I think this is what you mean.
Note: THis uses Fabric (because I'm too lazy and/or don't have the time to work out how to wire up stdin/stdout/stderr to the terminal properly but you could spend the time and use straight subprocess.Popen):
Output:
$ docker run -i -t test
Entering bash...
[localhost] local: /bin/bash
root#66bddaa892ed:/usr/src/python# cat hello.txt
Hello World!root#66bddaa892ed:/usr/src/python# exit
Goodbye!
Dockerfile:
# Test Docker Image
FROM python:2
ADD myscript.py /usr/bin/myscript
RUN pip install fabric
CMD ["/usr/bin/myscript"]
myscript.py:
#!/usr/bin/env python
from __future__ import print_function
from fabric.api import local
with open("hello.txt", "w") as f:
f.write("Hello World!")
print("Entering bash...")
local("/bin/bash")
print("Goodbye!")
Sometimes, your python script may call different files in your folder, like another python scripts, CSV files, JSON files etc.

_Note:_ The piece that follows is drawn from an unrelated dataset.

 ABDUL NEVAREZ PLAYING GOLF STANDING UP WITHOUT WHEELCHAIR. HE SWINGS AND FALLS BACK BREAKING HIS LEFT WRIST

I think the best approach would be sharing the dir with your container, which would make easier to create one environment that has access to all the required files
Create one text script
sudo nano /usr/local/bin/dock-folder
Add this script as its content
#!/bin/bash
echo "IMAGE = $1"
## image name is the first param
IMAGE="$1"
## container name is created combining the image and the folder address hash
CONTAINER="${IMAGE}-$(pwd | md5sum | cut -d ' ' -f 1)"
echo "${IMAGE} ${CONTAINER}"
# remove the image from this dir, if exists
## rm remove container command
## pwd | md5 get the unique code for the current folder
## "${IMAGE}-$(pwd | md5sum)" create a unique name for the container based in the folder and image
## --force force the container be stopped and removed
if [[ "$2" == "--reset" || "$3" == "--reset" ]]; then
echo "## removing previous container ${CONTAINER}"

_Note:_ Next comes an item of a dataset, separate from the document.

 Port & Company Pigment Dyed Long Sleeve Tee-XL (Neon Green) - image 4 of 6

docker rm "${CONTAINER}" --force
fi
# create one special container for this folder based in the python image and let this folder mapped
## -it interactive mode
## pwd | md5 get the unique code for the current folder
## --name="${CONTAINER}" create one container with unique name based in the current folder and image
## -v "$(pwd)":/data create ad shared volume mapping the current folder to the /data inside your container
## -w /data define the /data as the working dir of your container
## -p 80:80 some port mapping between the container and host ( not required )
## pyt#hon name of the image used as the starting point
echo "## creating container ${CONTAINER} as ${IMAGE} image"
docker create -it --name="${CONTAINER}" -v "$(pwd)":/data -w /data -p 80:80 "${IMAGE}"
# start the container
docker start "${CONTAINER}"
# enter in the container, interactive mode, with the shared folder and running python
docker exec -it "${CONTAINER}" bash
# remove the container after exit
if [[ "$2" == "--remove" || "$3" == "--remove" ]]; then
echo "## removing container ${CONTAINER}"
docker rm "${CONTAINER}" --force
fi
Add execution permission
sudo chmod +x /usr/local/bin/dock-folder
Then you can call the script into your project folder calling:
# creates if not exists a unique container for this folder and image. Access it using ssh.
dock-folder python
# destroy if the container already exists and replace it
dock-folder python --replace
# destroy the container after closing the interactive mode
dock-folder python --remove
This call will create a new python container sharing your folder. This makes accessible all the files in the folder as CSVs or binary files.
Using this strategy, you can quickly test your project in a container and interact with the container to debug it.
One issue with this approach is about reproducibility. That is, you may install something using your shell script that is required to your application run. But, this change just happened inside of your container. So, anyone that will try to run your code will have to figure out what you have done to run it and do the same.
So, if you can run your project without installing anything special, this approach may suits you well. But, if you had to install or change some things in your container to be able to run your project, probably you need to create a Dockerfile to save these commands. That will make all the steps from loading the container, making the required changes and loading the files easy to replicate.